We used a Venn diagram to show that genes positively correlated with m6A writers were enriched to 23 pathways, readers were enriched to 32 pathways, and erasers were enriched to 1 pathway. There were 9 intersections between pathways enriched by genes positively correlated with m6A writers and readers, but there were no intersections between pathways enriched by genes positively correlated with erasers and writers, nor erasers and readers. Simultaneously, genes negatively correlated with m6A writers were enriched to 22 pathways, readers were enriched to 17 pathways, and erasers were enriched to 15 pathways. There were 5 intersections between pathways enriched by genes negatively correlated with m6A writers and erasers, 1 intersection between writers and readers, and 1 intersection between erasers and readers.

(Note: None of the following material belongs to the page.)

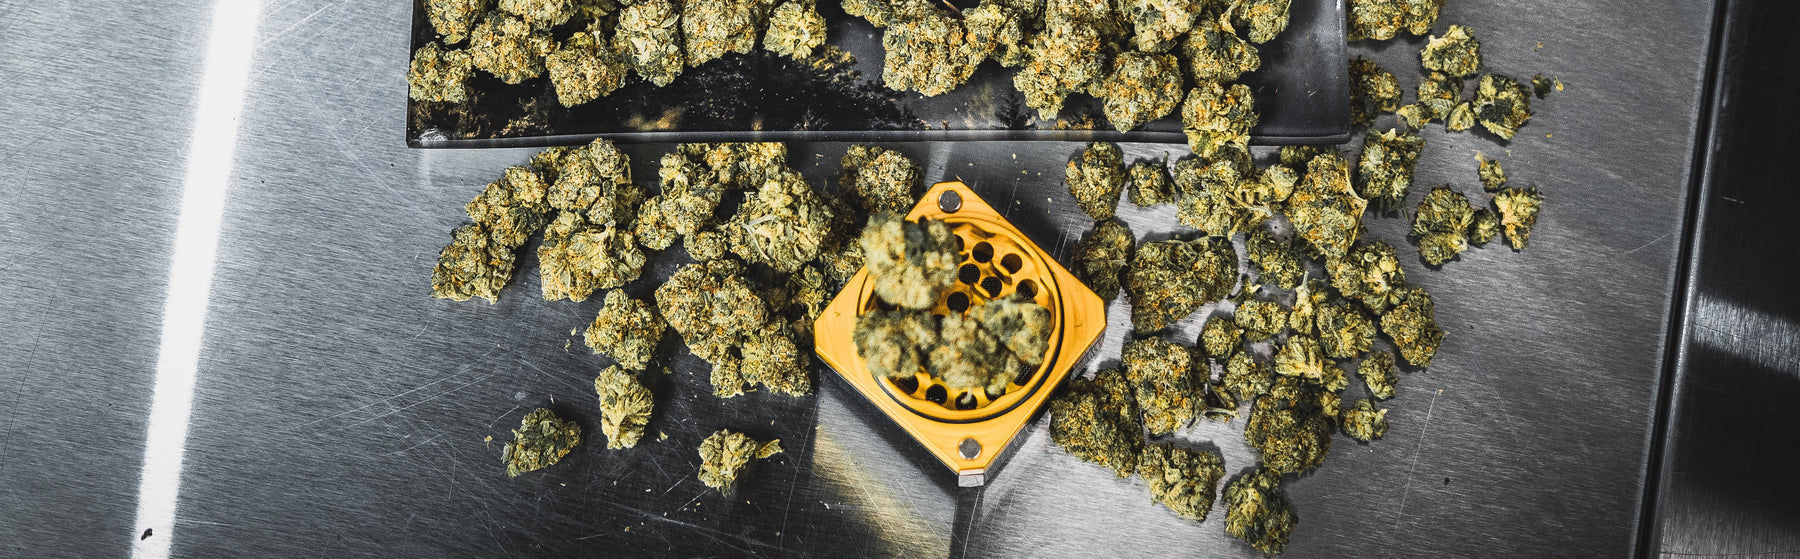 A complete guide to the different kind of weed grinders

Interestingly, there were 1 intersection between pathways enriched by genes positively correlated with m6A readers and genes negatively correlated with m6A erasers, but there were no intersections between pathways enriched by genes positively correlated with m6A writers and genes negatively correlated with m6A erasers (Figures 10A-C). KEGG pathways enrichment analysis of the top 50 genes significantly positively and negatively correlated with each m6A regulator revealed that m6A writers, erasers, and readers affect a number of signaling pathways in pancreatic cancer (Figure 10D). These also have important roles in the occurrence and development of pancreatic cancer.